* [TASK DESCRIPTION]: In the listing below, the lines starting with the line with "矢量 简约 小 清新 水果" and going on through the line with "Door to door" are to be reproduced exactly, and only those.

* [DATA TO USE]:
◇ ◇ ◇ ◇ ◇ ◇ ◇

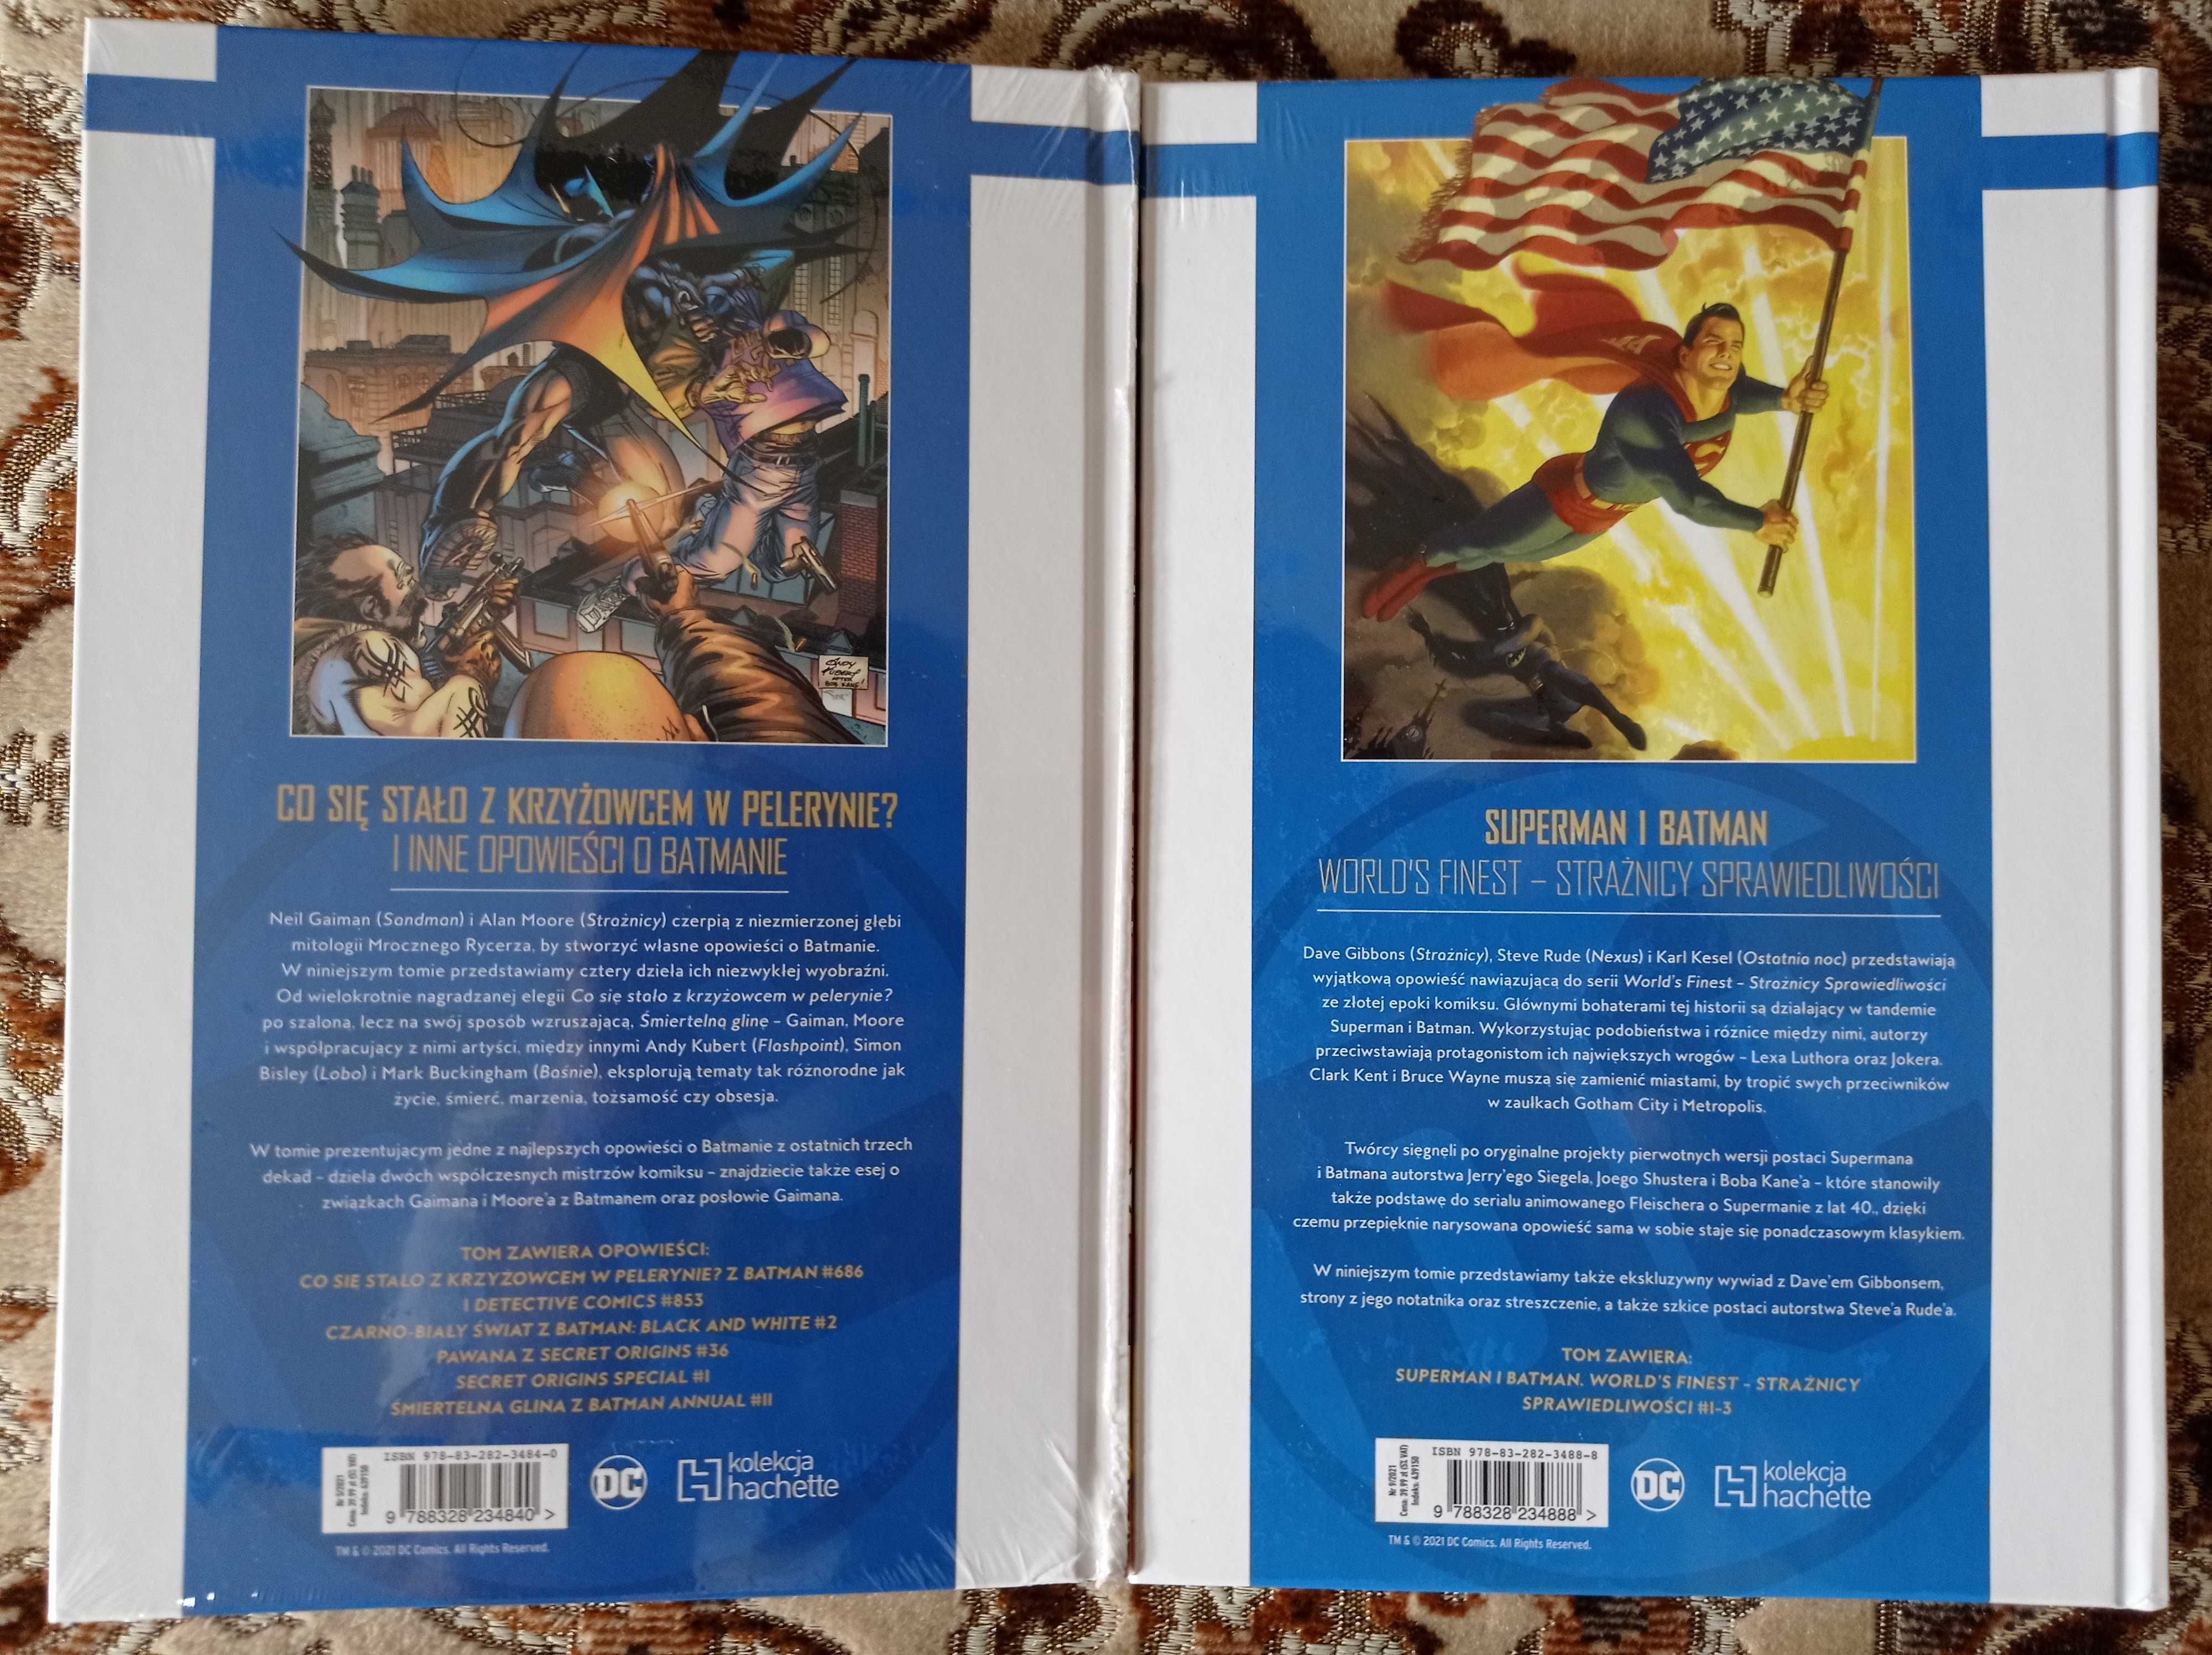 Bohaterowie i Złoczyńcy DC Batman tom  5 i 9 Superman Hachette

◇ ◇ ◇ ◇ ◇ ◇ ◇

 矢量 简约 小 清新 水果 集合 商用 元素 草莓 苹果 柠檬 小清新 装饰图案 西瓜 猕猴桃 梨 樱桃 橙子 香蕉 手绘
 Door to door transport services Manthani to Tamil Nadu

◇ ◇ ◇ ◇ ◇ ◇ ◇

* [OUTPUT OF THE EXERCISE]:
 矢量 简约 小 清新 水果 集合 商用 元素 草莓 苹果 柠檬 小清新 装饰图案 西瓜 猕猴桃 梨 樱桃 橙子 香蕉 手绘
 Door to door transport services Manthani to Tamil Nadu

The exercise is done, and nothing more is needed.